By Denise Mann
First things first: You don’t need a reality show to transition from male to female or female to male.
Esteemed plastic surgeons such as Kathy L. Rumer, DO, and Jeffrey Spiegel, MD, as well as therapists like David Baker-Hargrove, PhD, LMHC, have been treating transgendered patients for years, and suffice it to say most, if not all, of their patients did not hold off on discussing their plans until a deal was inked for a prime time interview and/or reality series. (Arguably, most transgender patients are not constantly hounded by the paparazzi, either, so they were likely able to do things according to their own internal time frame.)
I’m talking, of course, about former Olympic track and field athlete Bruce Jenner, 65, and his alleged plans to transition to life as a woman—possibly named Agnes. Jenner’s changing appearance in recent years has fueled talk of an impending transition. Jenner has been spotted with manicured nails, long hair, and evidence of gynecomastia, and made headlines for undergoing a laryngeal shave.
What started out as tabloid fodder has now reached something of a critical mass. The track star and Kardashian clan patriarch has reportedly taped a sit-down interview with TV news anchor Diane Sawyer, and has plans for a new reality show that will document the transition.
But if you don’t need a reality show, what do you need?
Guts … a whole lot of them. “The people who have the surgery and get involved in the transgender community and help promote awareness are the brave ones,” says Rumer, the director of Rumer Cosmetic Surgery LLC in Ardmore, Pa. “Some of these patients lose their family, their homes, and their jobs when they transition. The repercussions can be horrific, but they do what they need to do to be true to themselves.”
There are many brave folk out there, and plastic surgeons will start seeing even more of these patients thanks to the Golden Globe-winning Amazon TV series Transparent, actress and advocate Laverne Cox, advocate Chaz Bono—son of Sonny and Cher, not to mention the nameless, faceless others who are now living the lives they were meant to live. Insurers, too, are now largely covering the costs of the surgeries, which means that more individuals will have access to treatment.

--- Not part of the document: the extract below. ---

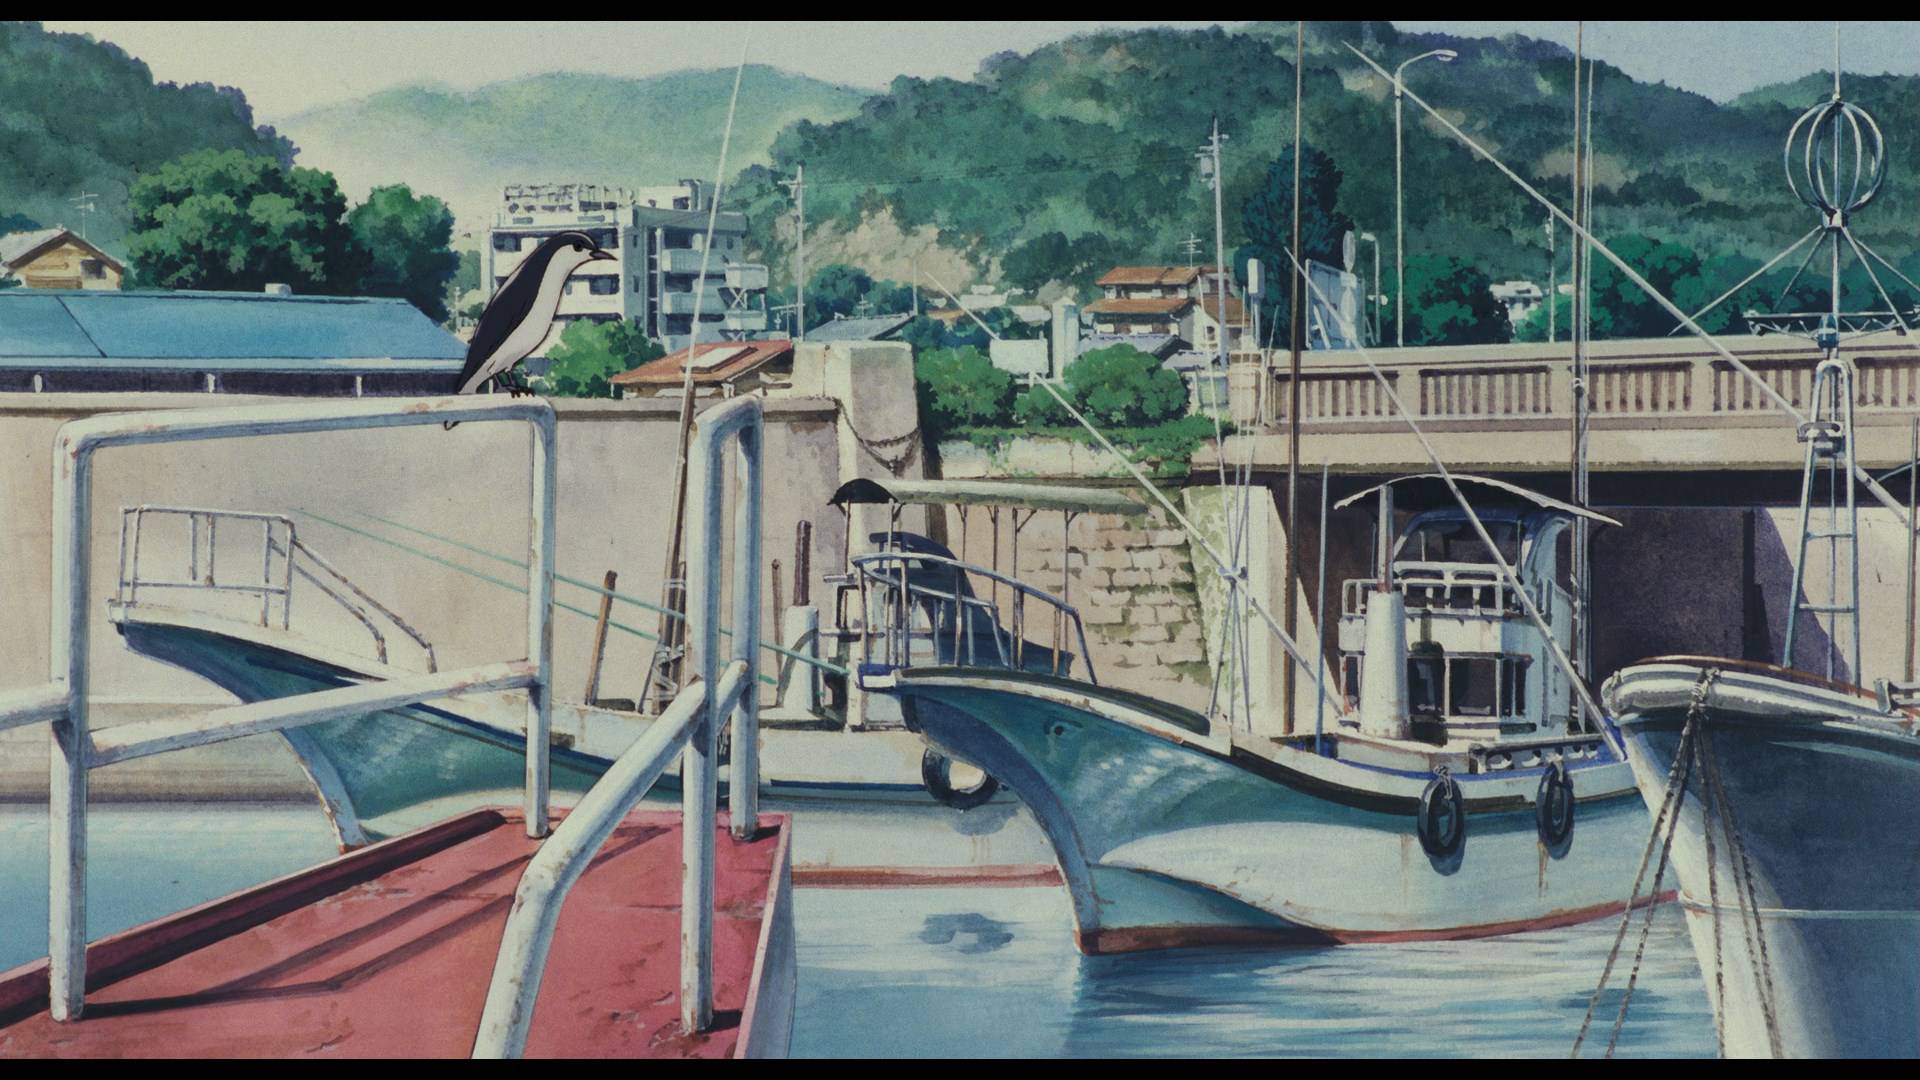 Studio Ghibli's Overlooked Training Project: 25 Years Since Ocean

But, Rumer cautions, surgeons can’t just take a weekend course to learn how to treat these patients. There is a big learning curve, both technically and psychosocially. For starters, “It’s very important to talk to them in the gender they are comfortable with and remember that this is about gender, not sex,” she says.

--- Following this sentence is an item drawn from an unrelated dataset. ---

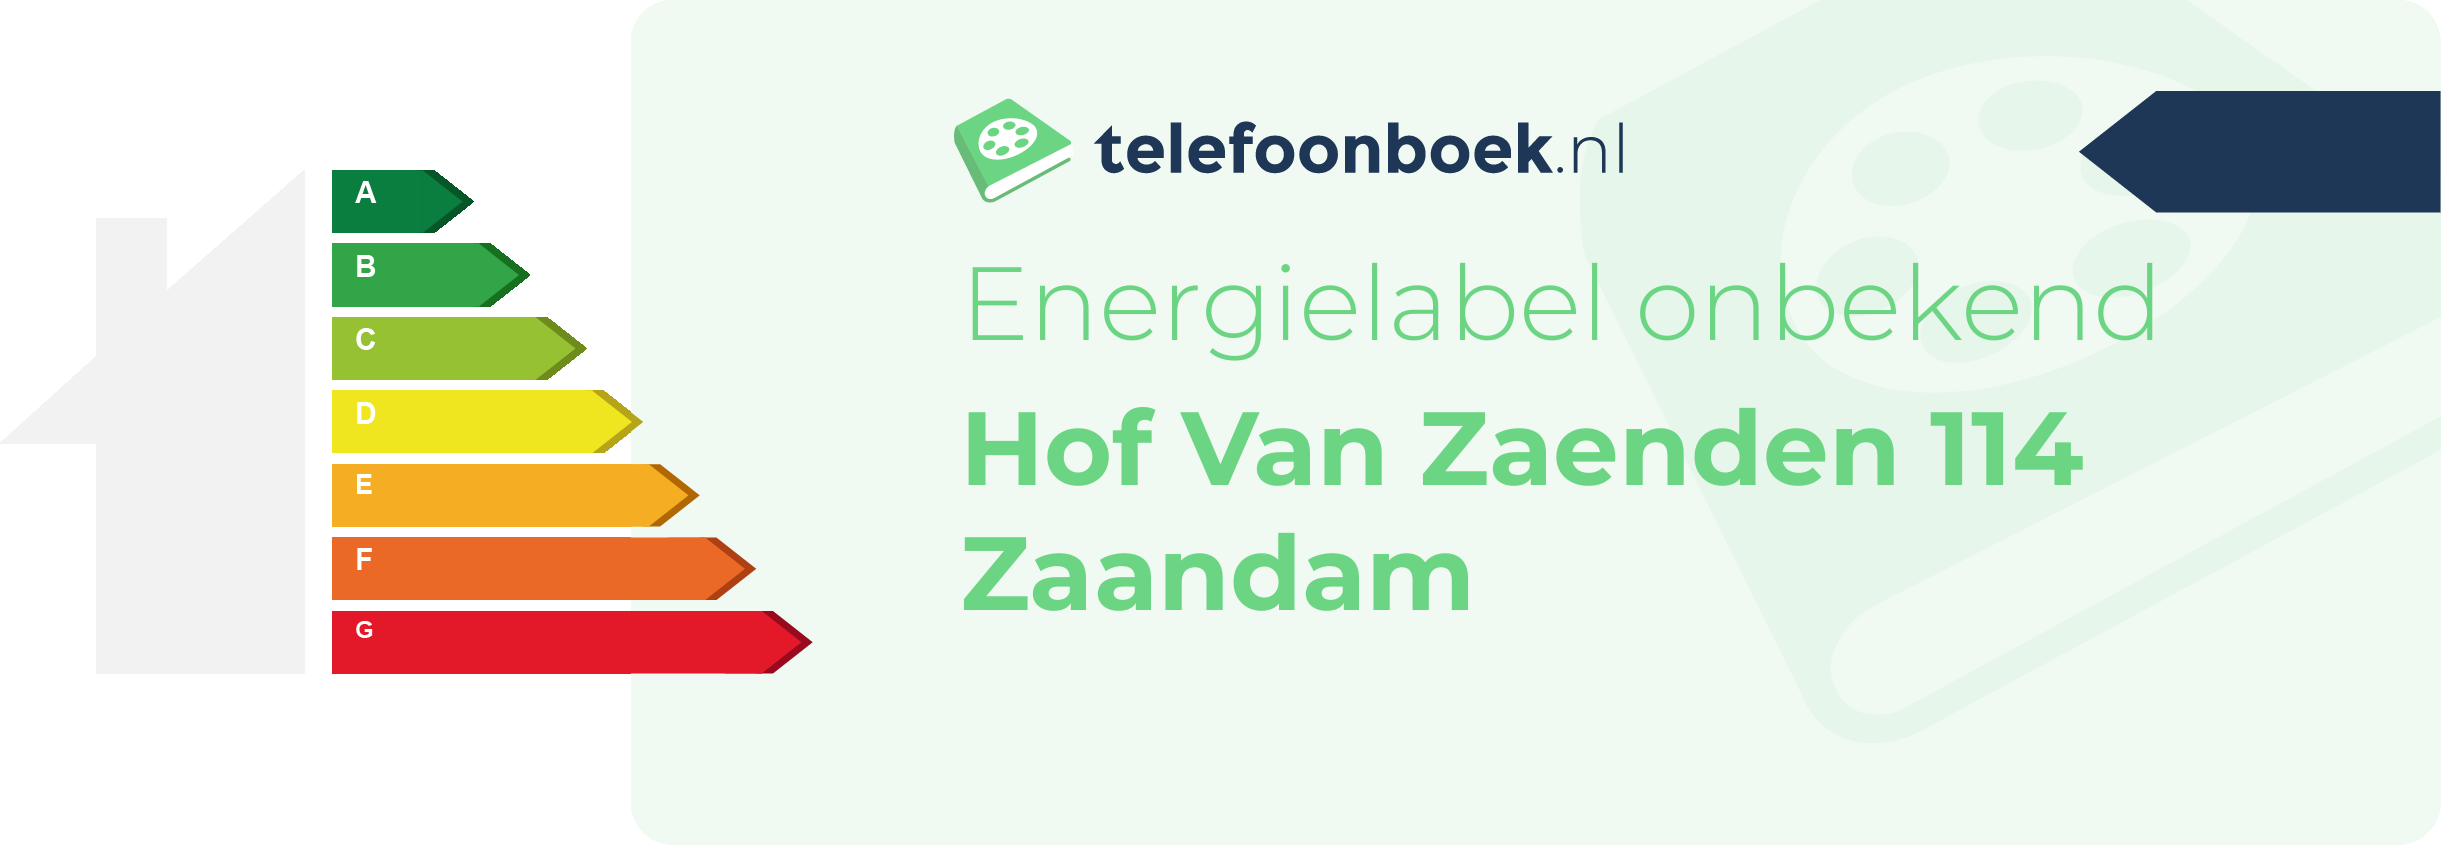 Energielabel Hof Van Zaenden 114 Zaandam

Jenner is playing by the only rules that he knows, and his very public journey may help promote awareness about transgender health issues.
“There is no right way to [transition], and the hope is that these individuals are able to come to a place where their presented self matches their internal sense of self,” says Jeffrey Spiegel, MD, chief of the Division of Facial Plastic and Reconstructive Surgery at Boston University and an expert in facial feminization and masculinization procedures.
David Baker-Hargrove, PhD, LMHC, psychotherapist in Orlando, Fla, who specializes in transgender health issues, agrees.
“Hopefully, Bruce’s public journey will serve as a platform to help enlighten and educate people about the experience of being transgender and the importance of being true to yourself.”
(And yes, I will be watching Jenner’s sit-down with Diane Sawyer… Won’t you?)